Problem description >> Copy exactly, and only, the lines from the line containing "WOTEK Toilettenbürste Klobürste" through the last line of the records below, both included.

Data listing >>
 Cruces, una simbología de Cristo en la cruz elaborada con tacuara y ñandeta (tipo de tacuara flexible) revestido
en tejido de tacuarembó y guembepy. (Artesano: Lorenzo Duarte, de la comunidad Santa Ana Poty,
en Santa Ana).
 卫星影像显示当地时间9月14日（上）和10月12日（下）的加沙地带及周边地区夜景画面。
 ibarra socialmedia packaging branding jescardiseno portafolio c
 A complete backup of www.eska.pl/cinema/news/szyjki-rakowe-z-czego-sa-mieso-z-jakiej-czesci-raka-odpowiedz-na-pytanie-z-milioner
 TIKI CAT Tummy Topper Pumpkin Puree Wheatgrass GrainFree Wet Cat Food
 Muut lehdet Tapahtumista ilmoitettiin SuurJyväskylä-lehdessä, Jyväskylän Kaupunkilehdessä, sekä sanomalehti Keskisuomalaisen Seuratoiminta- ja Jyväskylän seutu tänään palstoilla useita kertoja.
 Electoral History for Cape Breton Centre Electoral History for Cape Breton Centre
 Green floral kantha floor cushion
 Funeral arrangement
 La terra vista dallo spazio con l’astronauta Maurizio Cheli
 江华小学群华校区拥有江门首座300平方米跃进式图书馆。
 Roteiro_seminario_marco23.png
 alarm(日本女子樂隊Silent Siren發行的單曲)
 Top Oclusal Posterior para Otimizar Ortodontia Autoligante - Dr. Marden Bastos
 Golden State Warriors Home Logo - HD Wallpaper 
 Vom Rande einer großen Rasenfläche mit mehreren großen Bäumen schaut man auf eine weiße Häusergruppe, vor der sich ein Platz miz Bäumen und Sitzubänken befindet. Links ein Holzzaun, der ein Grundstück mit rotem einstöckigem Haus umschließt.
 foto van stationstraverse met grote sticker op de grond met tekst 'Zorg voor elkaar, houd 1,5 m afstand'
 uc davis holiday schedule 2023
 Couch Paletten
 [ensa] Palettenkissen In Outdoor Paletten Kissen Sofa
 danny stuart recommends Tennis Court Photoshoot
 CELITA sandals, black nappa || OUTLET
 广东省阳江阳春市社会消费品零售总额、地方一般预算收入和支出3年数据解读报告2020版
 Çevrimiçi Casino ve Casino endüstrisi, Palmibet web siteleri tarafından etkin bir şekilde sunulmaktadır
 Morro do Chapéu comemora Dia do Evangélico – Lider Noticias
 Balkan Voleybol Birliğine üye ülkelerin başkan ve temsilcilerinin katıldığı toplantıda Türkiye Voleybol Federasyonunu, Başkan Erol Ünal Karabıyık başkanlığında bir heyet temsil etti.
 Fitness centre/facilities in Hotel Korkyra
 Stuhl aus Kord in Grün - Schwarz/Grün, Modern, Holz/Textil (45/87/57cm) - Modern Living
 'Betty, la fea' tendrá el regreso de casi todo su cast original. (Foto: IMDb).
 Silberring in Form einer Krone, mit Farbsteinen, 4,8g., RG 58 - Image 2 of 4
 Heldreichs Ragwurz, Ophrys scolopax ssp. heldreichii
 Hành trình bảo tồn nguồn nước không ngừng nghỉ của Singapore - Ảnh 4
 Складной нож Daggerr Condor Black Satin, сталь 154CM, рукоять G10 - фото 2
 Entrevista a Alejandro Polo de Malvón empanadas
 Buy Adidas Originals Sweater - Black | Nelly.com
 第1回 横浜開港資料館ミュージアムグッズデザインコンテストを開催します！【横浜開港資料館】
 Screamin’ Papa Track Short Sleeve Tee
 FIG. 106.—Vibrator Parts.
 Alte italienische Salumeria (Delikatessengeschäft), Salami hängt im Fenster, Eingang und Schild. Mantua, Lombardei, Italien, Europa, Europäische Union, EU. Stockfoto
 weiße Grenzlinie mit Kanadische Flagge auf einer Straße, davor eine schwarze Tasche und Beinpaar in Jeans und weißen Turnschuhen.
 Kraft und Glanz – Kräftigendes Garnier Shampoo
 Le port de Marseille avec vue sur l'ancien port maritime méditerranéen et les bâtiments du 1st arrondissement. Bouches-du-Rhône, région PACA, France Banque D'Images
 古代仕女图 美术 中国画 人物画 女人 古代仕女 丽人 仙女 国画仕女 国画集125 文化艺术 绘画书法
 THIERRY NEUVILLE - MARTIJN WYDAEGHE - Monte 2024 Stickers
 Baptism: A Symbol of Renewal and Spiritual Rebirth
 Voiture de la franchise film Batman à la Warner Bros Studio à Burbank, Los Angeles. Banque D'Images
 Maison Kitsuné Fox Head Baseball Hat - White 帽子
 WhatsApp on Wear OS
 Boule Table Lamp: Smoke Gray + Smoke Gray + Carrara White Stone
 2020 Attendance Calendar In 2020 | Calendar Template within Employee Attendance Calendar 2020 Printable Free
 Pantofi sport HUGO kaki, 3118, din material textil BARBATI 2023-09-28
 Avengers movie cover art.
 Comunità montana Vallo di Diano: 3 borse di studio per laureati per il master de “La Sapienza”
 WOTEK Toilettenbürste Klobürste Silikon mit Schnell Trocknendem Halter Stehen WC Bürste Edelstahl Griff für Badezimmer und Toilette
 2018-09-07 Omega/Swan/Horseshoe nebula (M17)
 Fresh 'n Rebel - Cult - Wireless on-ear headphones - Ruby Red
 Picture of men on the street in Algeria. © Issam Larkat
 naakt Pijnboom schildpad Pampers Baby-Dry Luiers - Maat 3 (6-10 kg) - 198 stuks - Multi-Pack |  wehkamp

Solved exercise >>
 WOTEK Toilettenbürste Klobürste Silikon mit Schnell Trocknendem Halter Stehen WC Bürste Edelstahl Griff für Badezimmer und Toilette
 2018-09-07 Omega/Swan/Horseshoe nebula (M17)
 Fresh 'n Rebel - Cult - Wireless on-ear headphones - Ruby Red
 Picture of men on the street in Algeria. © Issam Larkat
 naakt Pijnboom schildpad Pampers Baby-Dry Luiers - Maat 3 (6-10 kg) - 198 stuks - Multi-Pack |  wehkamp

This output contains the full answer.